See GCC AVX __m256i cast to int array leads to wrong values for a real-life case of breakage. It might actually be safe for float
onto __m512
because GNU C defines __m512
as a vector of float elements, but I wouldn't count on it being fully safe. I'd still go with an aligned vector or array of float
, even though it's somewhat of a pain to get C++ to do over-aligned allocations for a std::vector
, like you need a custom allocator as the 2nd template parameter, and the standard library doesn't come with one.
I updated the graph in my answer adding a hand-unrolled loop (just 8 multiplies and adds in a row). I'm surprised at how fast it is, and astonished it's faster than AVX for up to 100 floats. I'm equally astonished that aligned AVX exceeds 16x faster; how the heck is that possible?
Hard to say without seeing the asm or at least the C++ for it, or compilation options. If you used multiple sum
variables (accumulators), perhaps it even got auto-vectorized by the compiler using 256-bit vectors?
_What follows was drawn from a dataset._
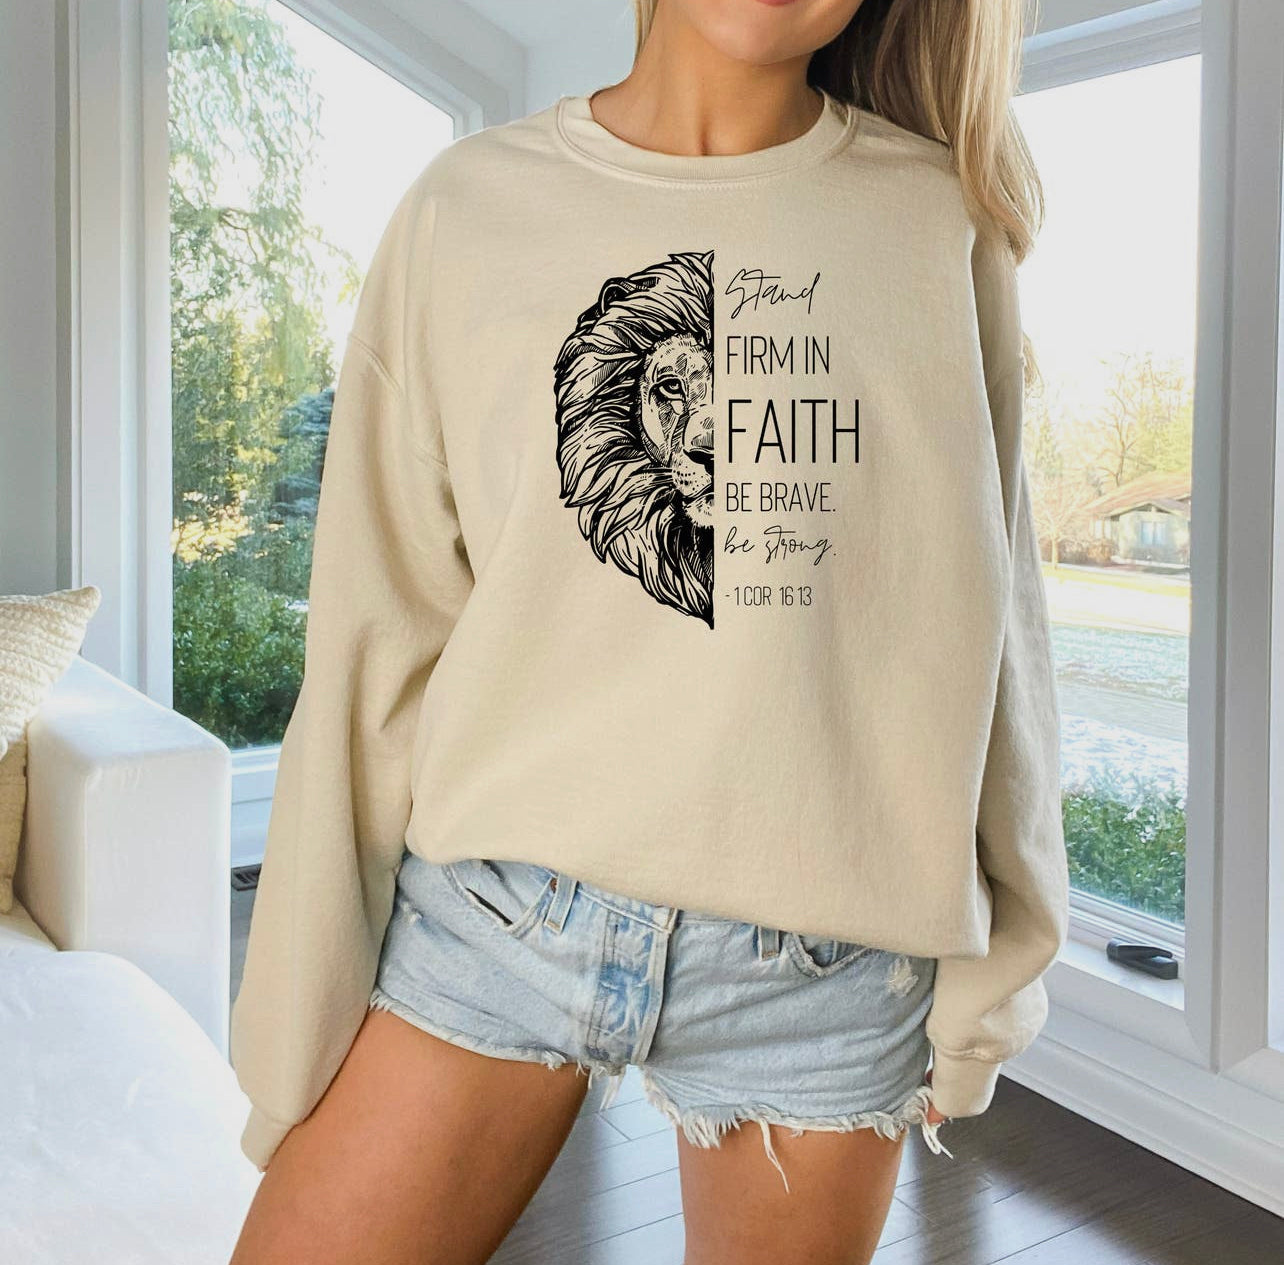 Stay Firm on Faith Sweatshirt

If not, 1 scalar FMA (or mul/add) per clock (2 loads / clock, half of max FMA throughput) is half the speed of 1 vector of 8 FMAs per 4 clocks (FMA latency), or 1/4 the speed of 1 vector of 16 FMAs per 4 clocks. But perhaps the compiler does a better job with cleanup than you did for a horizontal sum? You didn't show that part.
Of course to run fast for small to medium arrays (many vectors but fitting in L1d), you want 8 to 12 __m256
or __m512
vector accumulators. But that means the size threshold for entering the vectorized loop is higher, and leaves more possible cleanup work.
If small sizes matter, having a 1-vector cleanup loop as well as a scalar cleanup loop is good.